Disclosures: The following people have nothing to disclose: Roberto Scirpo, Romina Fiorotto, Ambra Villani, Luca Fabris, Mario Strazzabosco Background: Various types of immunosuppressive networks exist in the microenvironment of hepatocelluar carcinoma (HCC). Recently, it has been reported
that myeloid-derived suppressor cells (MDSCs) suppress the function of NK cells and tumor-specific T cells in the tumor-bearing host. In patients with HCC, MDSCs are described as CD33+HLA-DRlowCD11b+CD14+ cells. We showed that MDSCs express surface ALK inhibitor cancer PD-L1 molecules in peripheral blood mononuclear cells (PBMCs) from patients with HCC. The aim of this study is to determine PD-L1+ MDSCs are likely to become a
new biomarker in hepatocellular carcinoma patients. Material and method: Patients: Permission for the study was obtained from the Ethics Committee at our University. (i) We collected blood samples from 30 healthy donors and 120 patients with various stages of HCC who were hospitalized Ulixertinib mouse in our institute and subjected them to multicolor flow cytometric analysis (FACS) for PD-L1+ MDSCs percentages. (ii) We used a transwell coculture system with PBMCs and several different liver cancer cell lines such as HepG2, Huh7, Hep3B, Li7, PLC. After 72 hours coincubation, multicolor FACS analysis was performed. RNA from these cell lines was extracted, and PCR amplification was done using primers for human CSF-1, CSF-2, CSF-3, IL-1β, IL-6, CCL2, VEGFA, S100A8 and S100A9. Results: (i) PBMCs from HCC patients contained significantly higher percentages of PD-L1+ MDSCs in comparison to those from healthy subjects (p < 0.001). PBMCs from TNM IV HCC patients had significantly higher percentages of PD-L1+ MDSCs in comparison to those of TNM I, II and III patients (p < 0.001).

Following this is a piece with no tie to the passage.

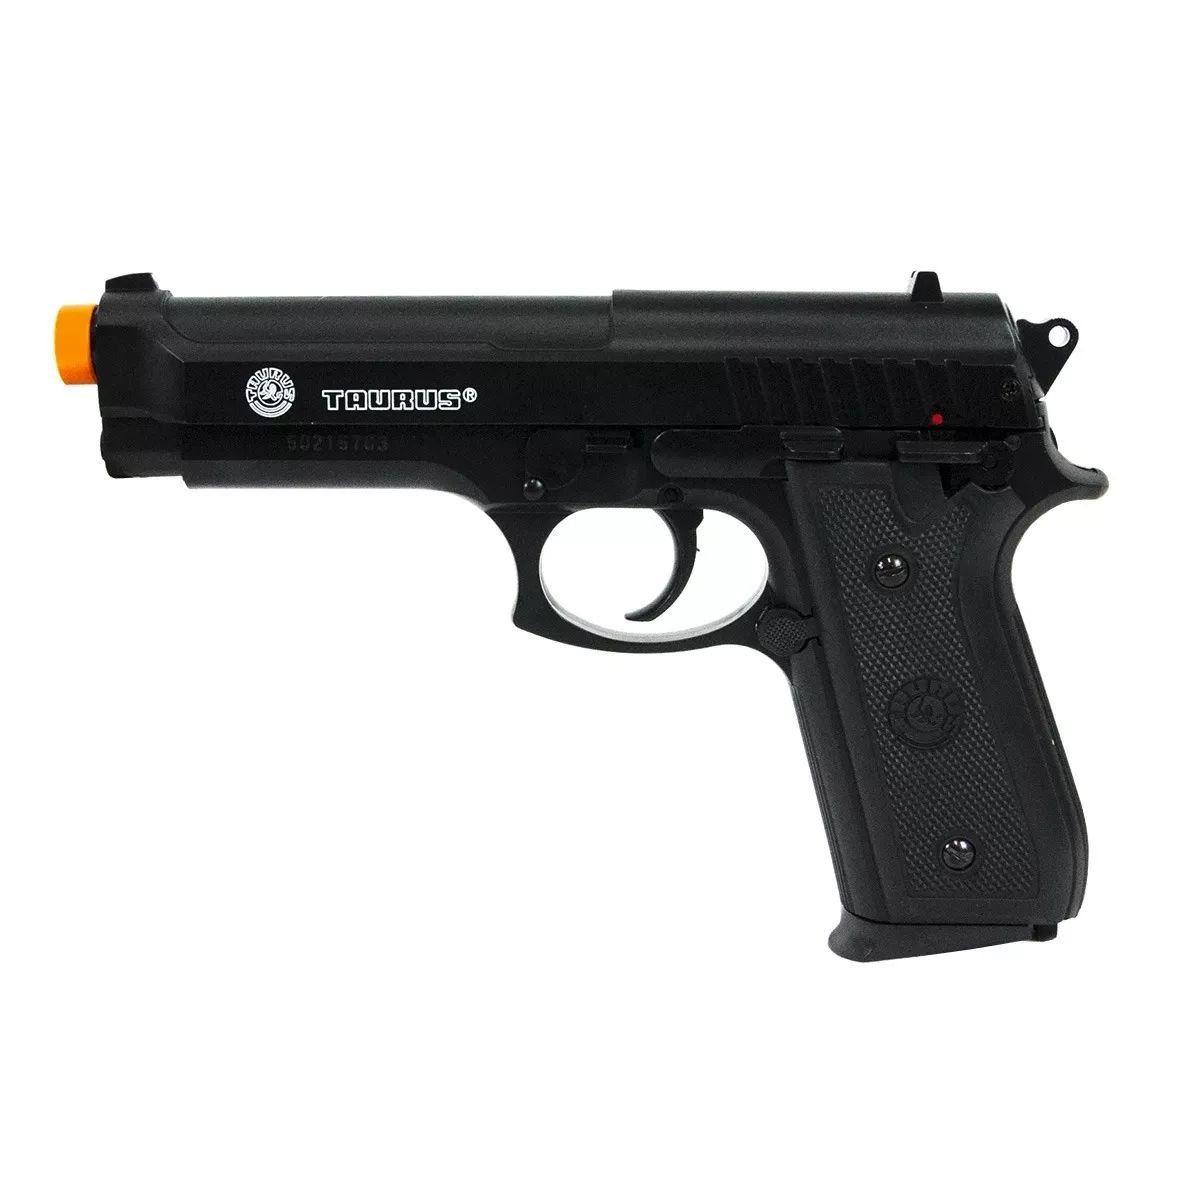 Pistola Airsoft Pt92 Slide Metal Spring

However, this increase was not correlated with the Child-Pugh grade, serum concentrations
of cancer biomarkers (AFP and PIVKA-II). The percentages of PD-L1+ MDSCs were reduced by treatment for HCC. (ii) After 72 hours coincubation with the liver cell lines, the percentages of PD-L1+ MDSCs MCE were significantly increased compared with control. By cocultured with Hep3B, Li7 and PLC, the percentages of PD-L1+ MDSCs were higher than in those cocultured with other cell lines (Hep-G2:p<0.05, Huh7:p<0.005, Hep3B, Li7, PLC: p<0.001). The expression of CSF-1 and VEGFA was higher in the cell lines that strongly induced PD-L1+ MDSCs. Conclusion: The differentiation of PD-L1+ MDSCs was induced by soluble factors from hepatocellular carcinoma, and peripheral blood from HCC patients had significantly higher percentages of PD-L1+ MDSCs in comparison to those of healthy subjects. The percentages of PD-L1+ MDSCs were reduced by HCC treatment, suggesting that we might use PD-L1+ MDSCs as a new biomarker and a new target of treatment in hepatocellular carcinoma.